L’assessore meloniano sta, infatti girando in lungo e in largo la regione, per annunciare il nuovo strumento di programmazione sanitaria, ma lo fa sotto il simbolo del suo partito. Gli incontri cui vengono invitati gli amministratori locali, come quello di domani ad Asti, sono organizzati dalle sezioni di FdI e gli inviti partono dai consiglieri regionali della stessa forza politica. Un atteggiamento che se offre il destro al Pd per dire, come ha fatto ieri a Palazzo Lascaris il consigliere Domenico Rossi che l’assessore e i meloniani “hanno una visione strumentale delle istituzioni, considerate al servizio del partito e non, come dovrebbe essere, il contrario”, pure tra gli alleati l’aria che tira non è delle migliori.
Quel “neppure noi lo abbiamo ancora visto”, bofonchiato dall’assessore leghista Matteo Marnati e riferito sempre al piano sanitario la dice lunga. E pensare che una parte della bozza parrebbe aver pescato non poco in quel dossier che il predecessore di Riboldi, Luigi Icardi ha sempre spiegato fosse lì pronto per diventare ciò che si aspetta da lustri. O forse anche per questo la Lega non si sbraccia a sostenere il fronte meloniano e rintuzzare gli attacchi che arrivano dal Pd e che potrebbero accentuarsi sui territori da parte dei sindaci di sinistra allorquando il piano sarà finalmente noto. Un accentramento nel ridotto meloniano, quello di Riboldi, distante anni luce dal modus operandi di un suo lontano predecessore, stessa parte politica e di fatto autore dell’ultimo piano sanitario. L’allora assessore Antonio D’Ambrosio, missino poi in Alleanza Nazionale, riuscì con un’operazione di diplomazia politica a portare i Ds a non votare contro, smorzando con la loro astensione eventuali tensioni.
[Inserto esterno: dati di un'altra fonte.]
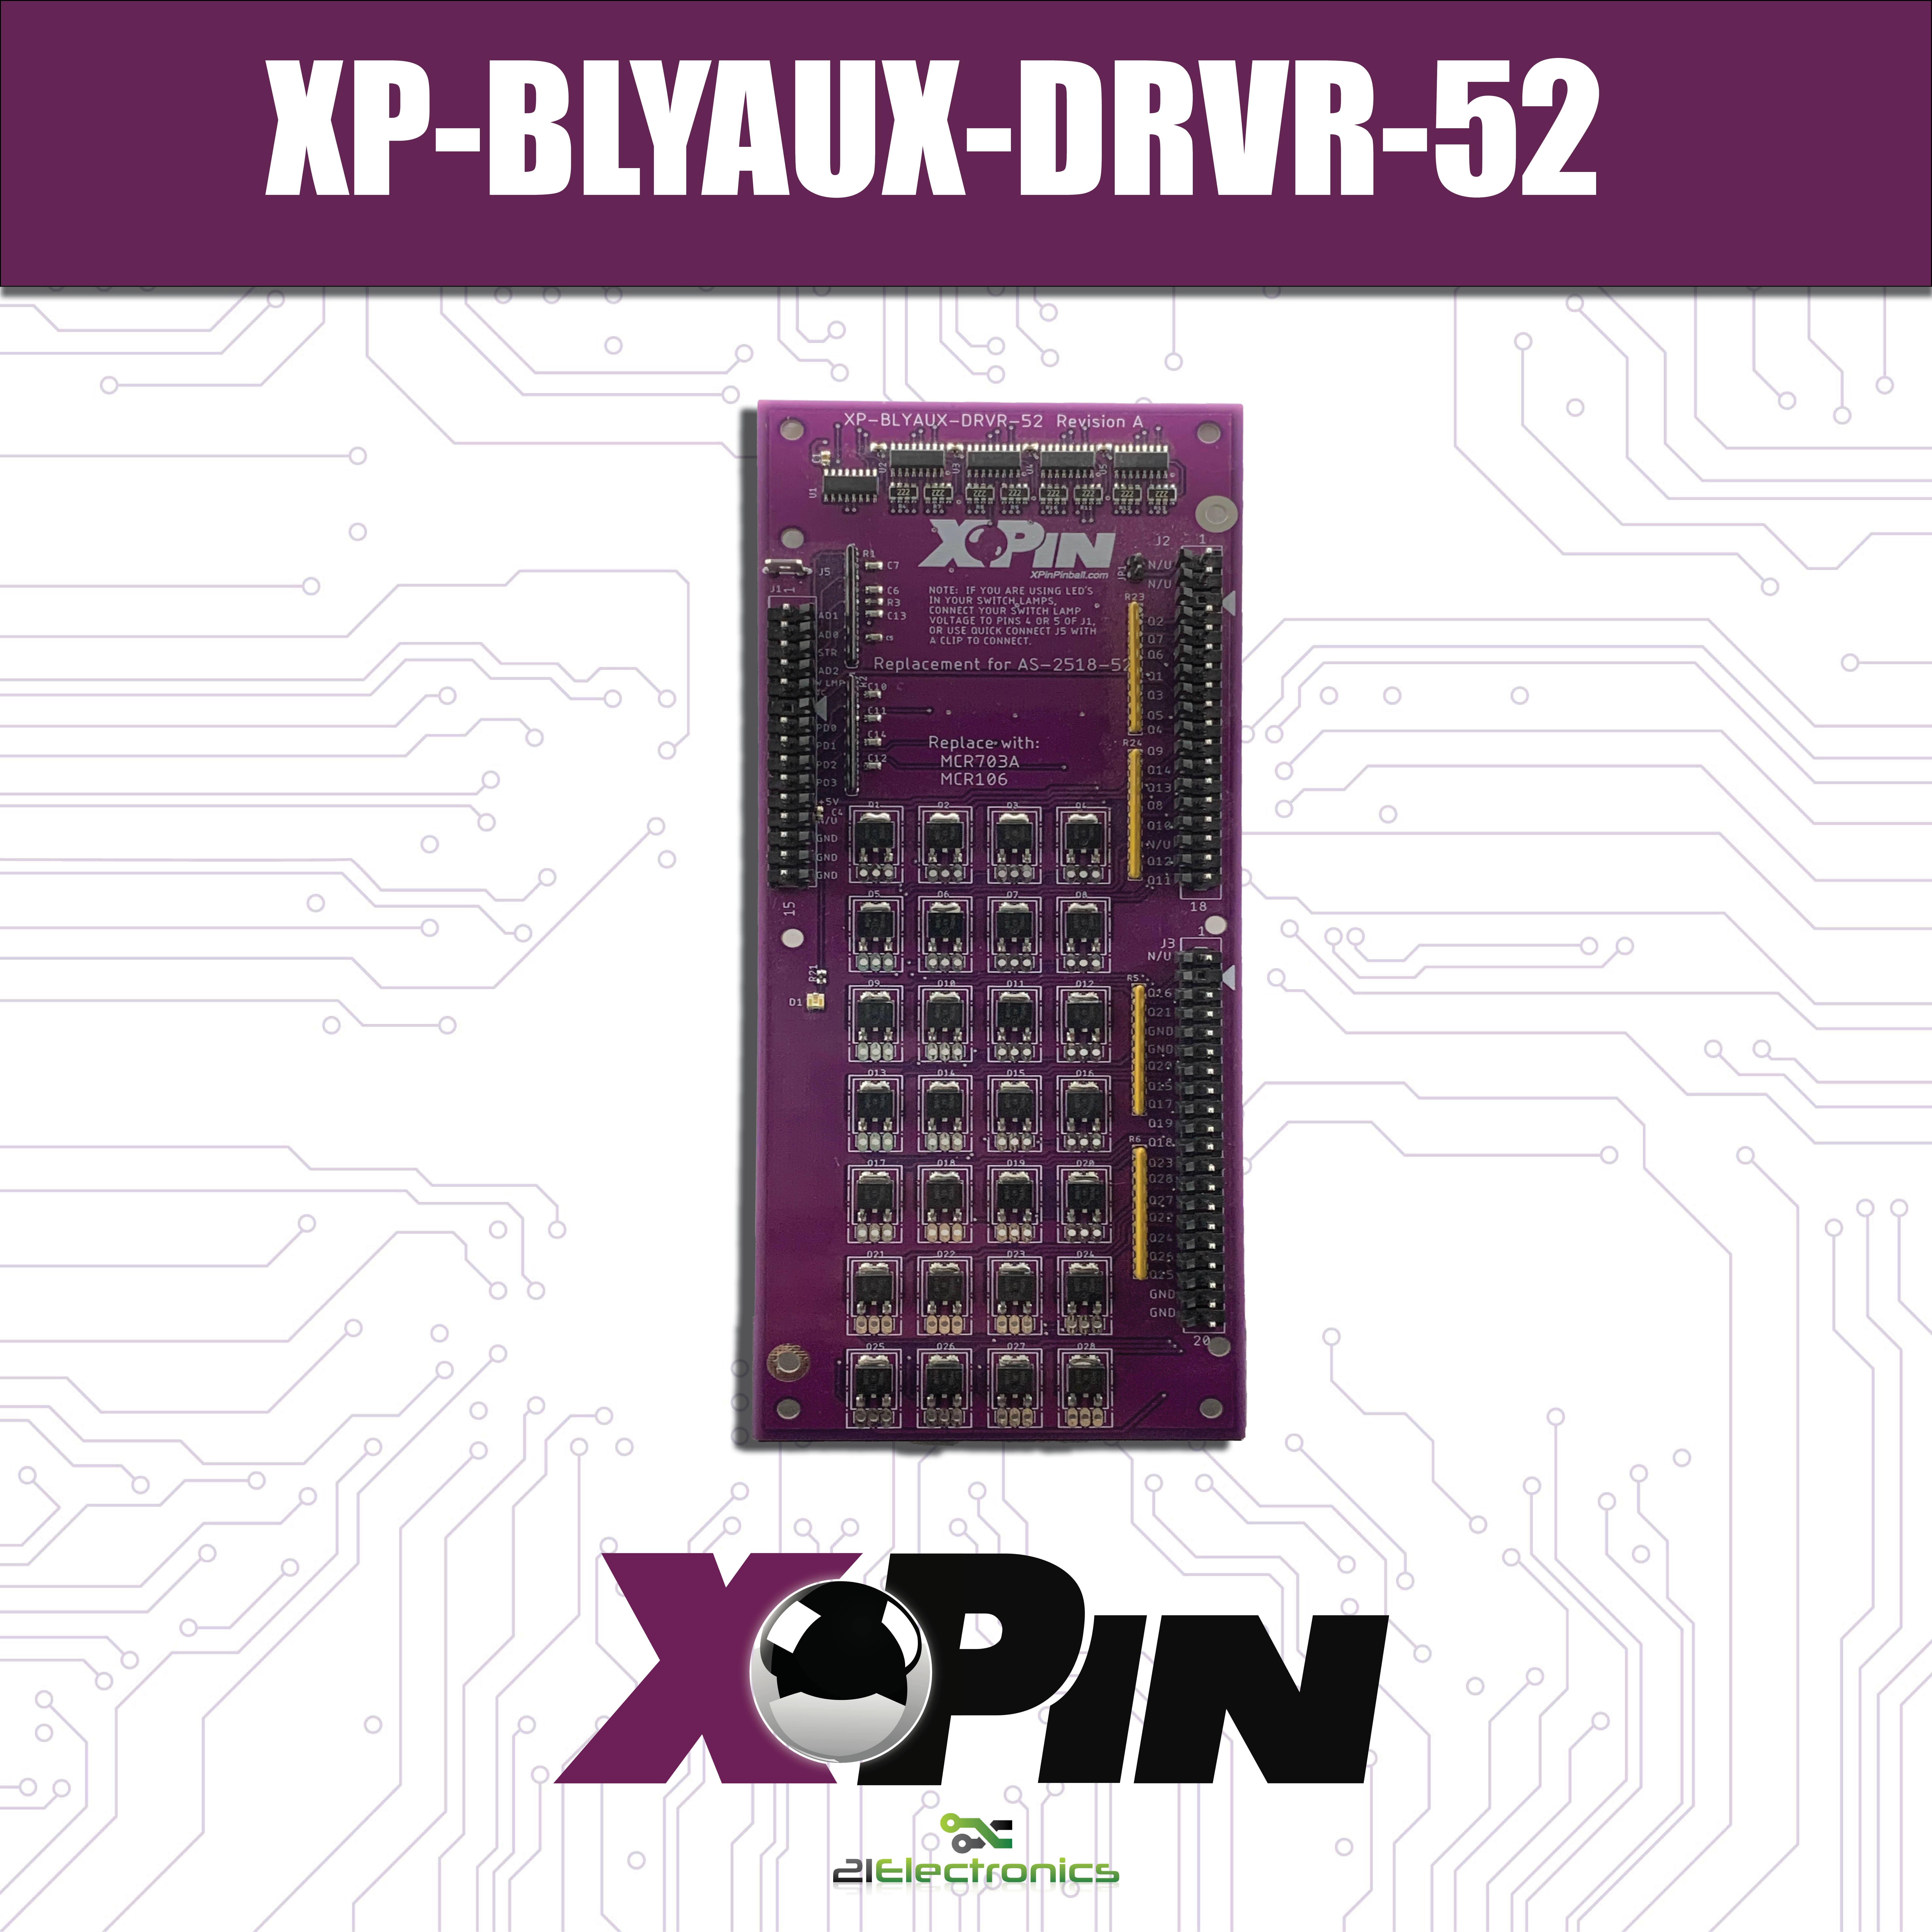 XP-BLYAUX-DRVR-52

Ma non è solo lo scontro politico a segnare l’attesa. Decisamente più preoccupanti sono gli aspetti tecnici e i vincoli con cui, per la prima volta nella storia della sanità piemontese, deve fare i conti lo strumento per la sua programmazione per gli anni a venire. La cornice che definisce e racchiude ciò di cui deve trattare il piano è la legge regionale 18 del 2007, ma è un’altra norma a preoccupare assai di più per gli stretti paletti che impone. Il decreto ministeriale 70 del 2015, più noto con il nome dell’allora ministro della Salute che ne fu l’artefice, Renato Balduzzi, fissa una serie di parametri che, nel caso della loro completa applicazione, porterebbero inevitabilmente a quella “riorganizzazione” della rete ospedaliera, che altro non sarebbe che una serie di tagli.
Già il Piemonte ne aveva subito un bel po’ con la famigerata delibera 1-600 attuata nel corso del piano di rientro, pagandone ancora oggi le conseguenze. Dai Pronto Soccorso alle emodinamiche, passando dai punti nascita ai piccoli ospedali, la mannaia di quella norma di dieci anni fa potrebbe calare pesantemente sul sistema sanitario piemontese. Probabile, quindi, che i tecnici ancora ieri fino a tarda sera alle prese con la bozza, abbiano cercato di realizzare l’ardua impresa di contemperare, un colpo al cerchio e uno alla botte, il rispetto quanto più possibile della legge Balduzzi con la necessità di mantenere tutti i servizi dentro quella stretta cornice.
Va detto che non tenere conto di quella norma, da molti ritenuta eccessivamente restrittiva e non più adeguata alle attuali esigenze, avrebbe tra gli effetti un abbassamento nella valutazione dei Lea, i livelli essenziali di assistenza, con la conseguenza di un taglio di qualcosa come 50 milioni all’anno del fondo sanitario destinato al Piemonte. Più che un piano, insomma, sembra la mappa di un sentiero stretto e disseminato di tagliole. Un terreno su cui muoversi con prudenza e senza enfasi. Le scivolate sono sempre in agguato, tanto più se si marcia al passo dell’oca.